Apply exandE_i with λ x5 . prim1 x5 (4ae4a.. (4ae4a.. (4ae4a.. (4ae4a.. 4a7ef..)))), λ x5 . ∃ x6 . and (prim1 x6 (If_i (x5 = 4a7ef..) x0 (If_i (x5 = 4ae4a.. 4a7ef..) x1 (If_i (x5 = 4ae4a.. (4ae4a.. 4a7ef..)) x2 x3)))) (x4 = aae7a.. x5 x6), ∃ x5 . and (prim1 x5 (4ae4a.. (4ae4a.. (4ae4a.. (4ae4a.. 4a7ef..))))) (∃ x6 . x4 = aae7a.. x5 x6) leaving 2 subgoals.

The subproof is completed by applying L1.

Let x5 of type ι be given.

Assume H3: ∃ x6 . and (prim1 x6 (If_i (x5 = 4a7ef..) x0 (If_i (x5 = 4ae4a.. 4a7ef..) x1 (If_i (x5 = 4ae4a.. (4ae4a.. 4a7ef..)) x2 x3)))) (x4 = aae7a.. x5 x6).

Apply exandE_i with λ x6 . prim1 x6 (If_i (x5 = 4a7ef..) x0 (If_i (x5 = 4ae4a.. 4a7ef..) x1 (If_i (x5 = 4ae4a.. (4ae4a.. 4a7ef..)) x2 x3))), λ x6 . x4 = aae7a.. x5 x6, ∃ x6 . and (prim1 x6 (4ae4a.. (4ae4a.. (4ae4a.. (4ae4a.. 4a7ef..))))) (∃ x7 . x4 = aae7a.. x6 x7) leaving 2 subgoals.

The subproof is completed by applying H3.

Let x6 of type ι be given.

Assume H4: prim1 x6 (If_i (x5 = 4a7ef..) x0 (If_i (x5 = 4ae4a.. 4a7ef..) x1 (If_i (x5 = 4ae4a.. (4ae4a.. 4a7ef..)) x2 x3))).
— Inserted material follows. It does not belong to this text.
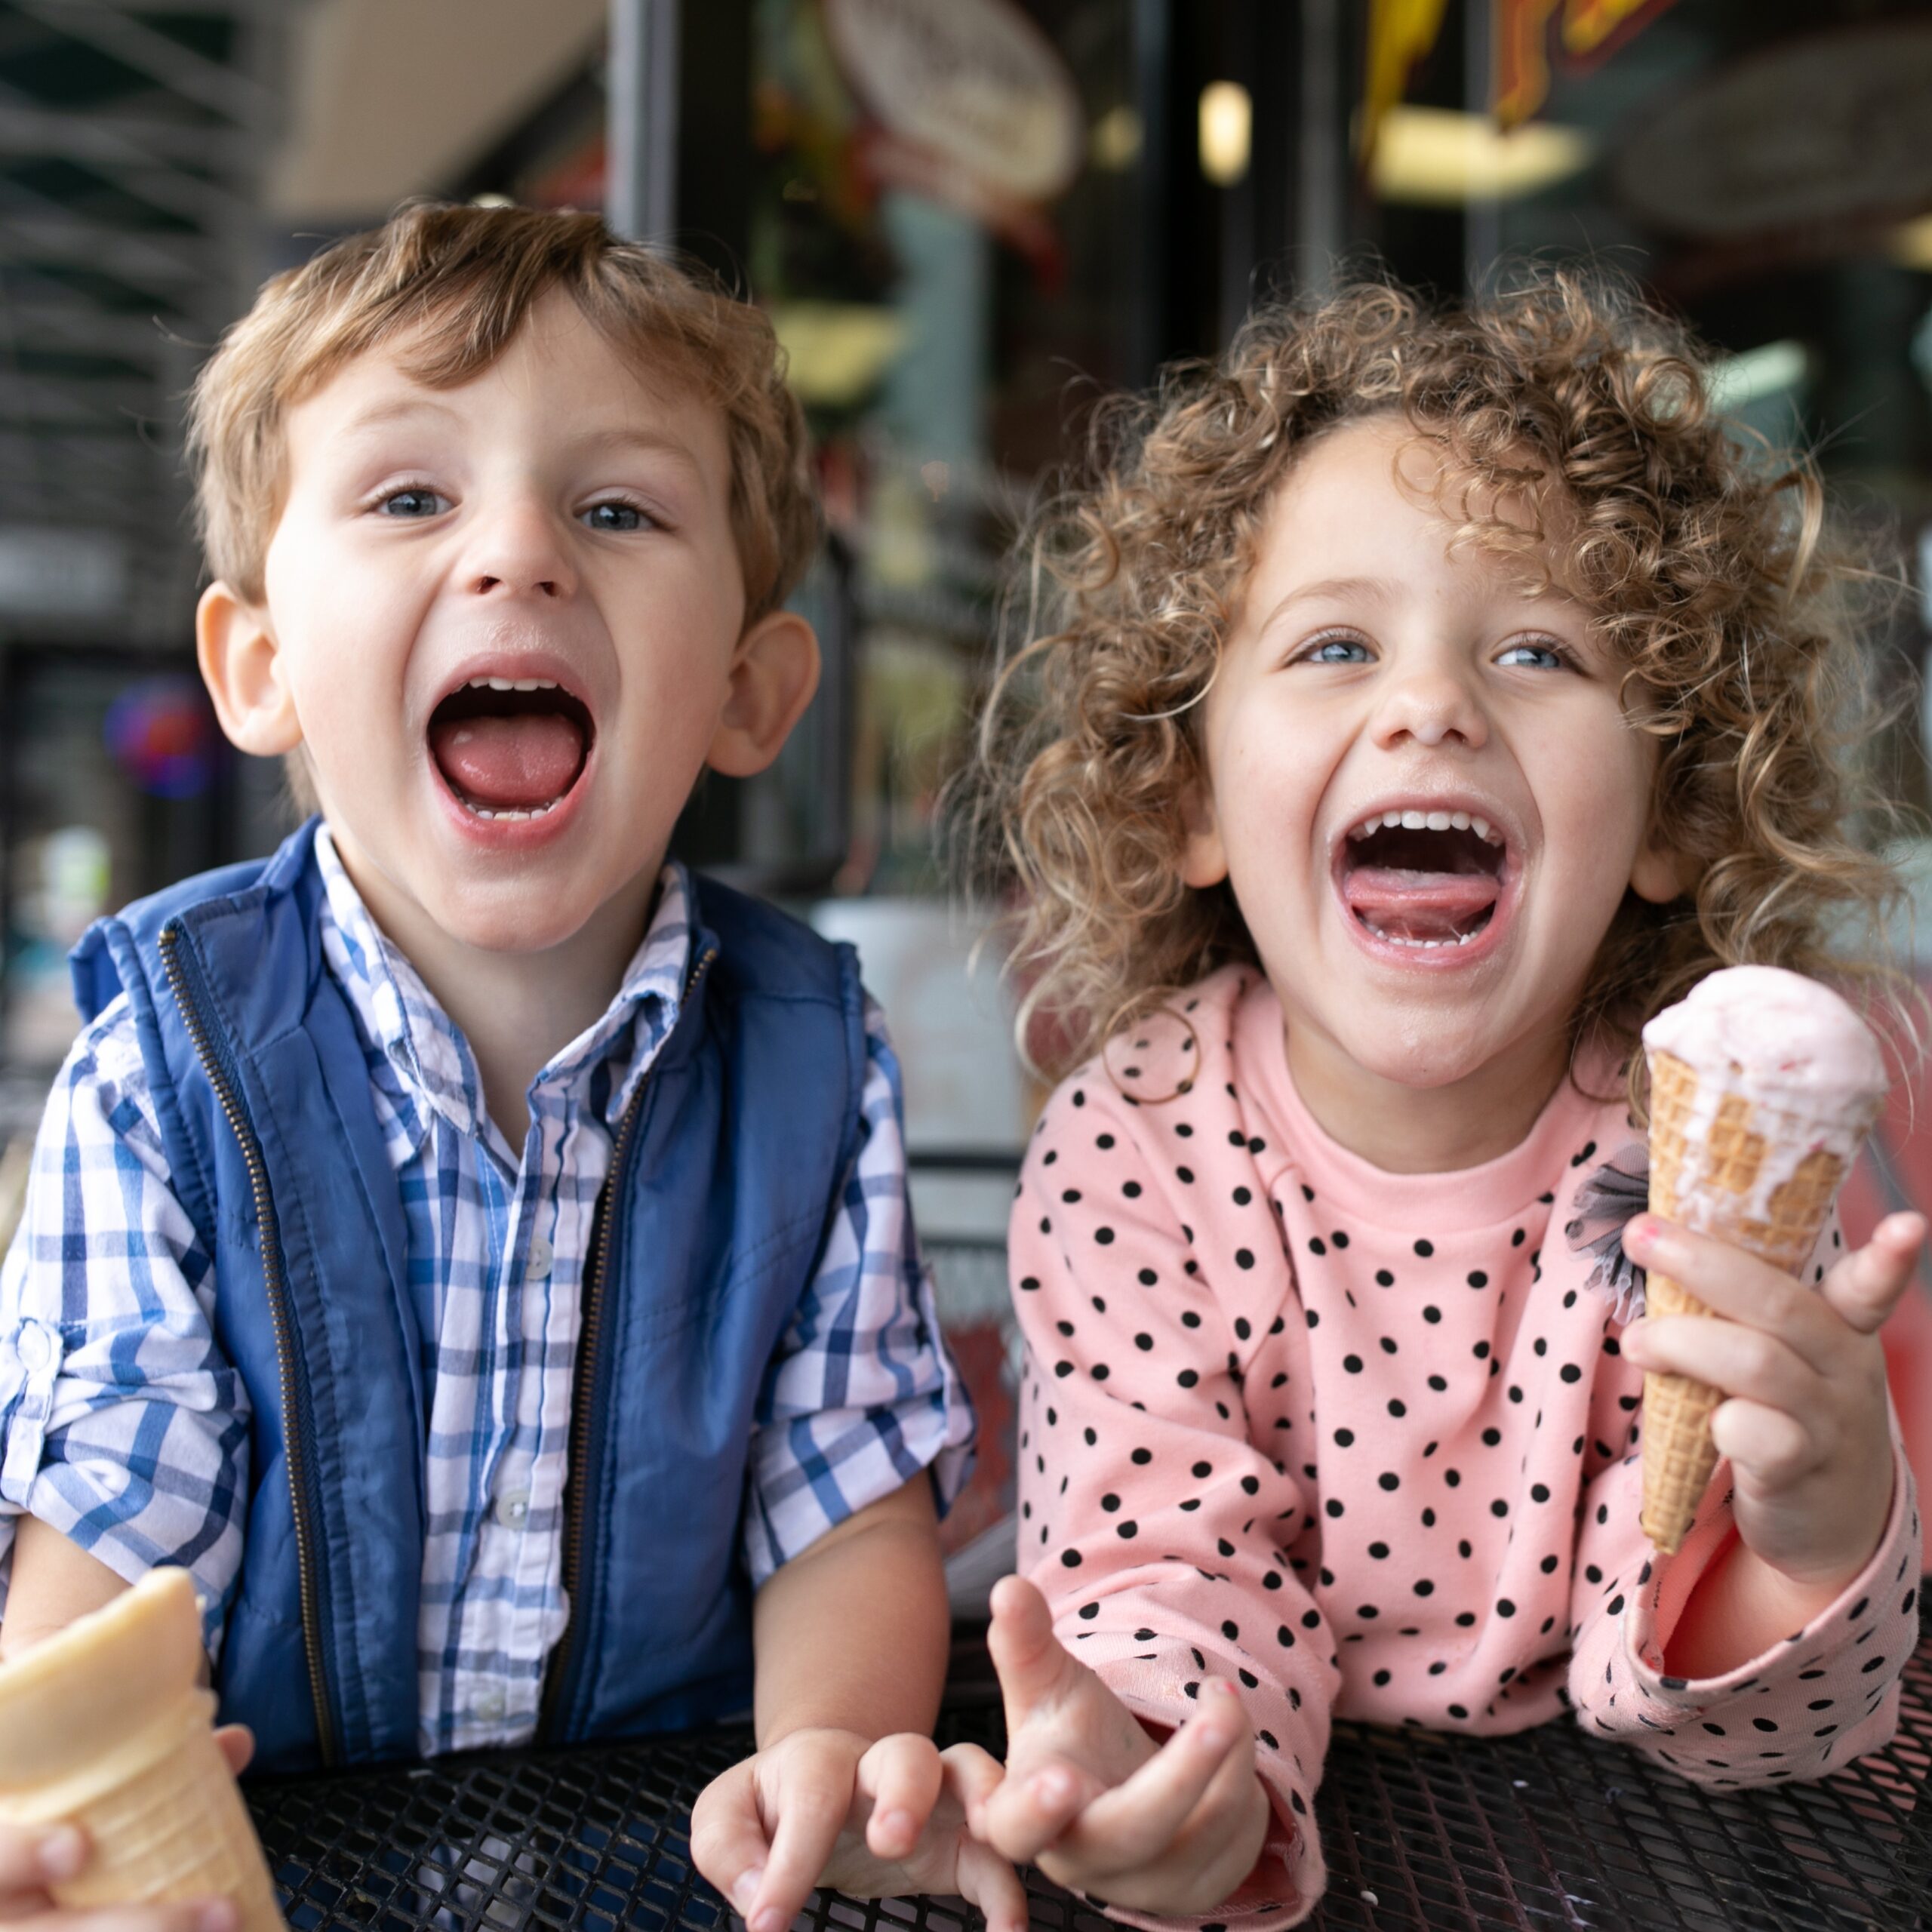 Kids sticking their tongues out and holding ice cream cones

Assume H5: x4 = aae7a.. x5 x6.

Let x7 of type ο be given.

Assume H6: ∀ x8 . and (prim1 x8 (4ae4a.. (4ae4a.. (4ae4a.. (4ae4a.. 4a7ef..))))) (∃ x9 . x4 = aae7a.. x8 x9) ⟶ x7.

Apply H6 with x5.

Apply andI with prim1 x5 (4ae4a.. (4ae4a.. (4ae4a.. (4ae4a.. 4a7ef..)))), ∃ x8 . x4 = aae7a.. x5 x8 leaving 2 subgoals.

The subproof is completed by applying H2.

Let x8 of type ο be given.

Assume H7: ∀ x9 . x4 = aae7a.. x5 x9 ⟶ x8.

Apply H7 with x6.

The subproof is completed by applying H5.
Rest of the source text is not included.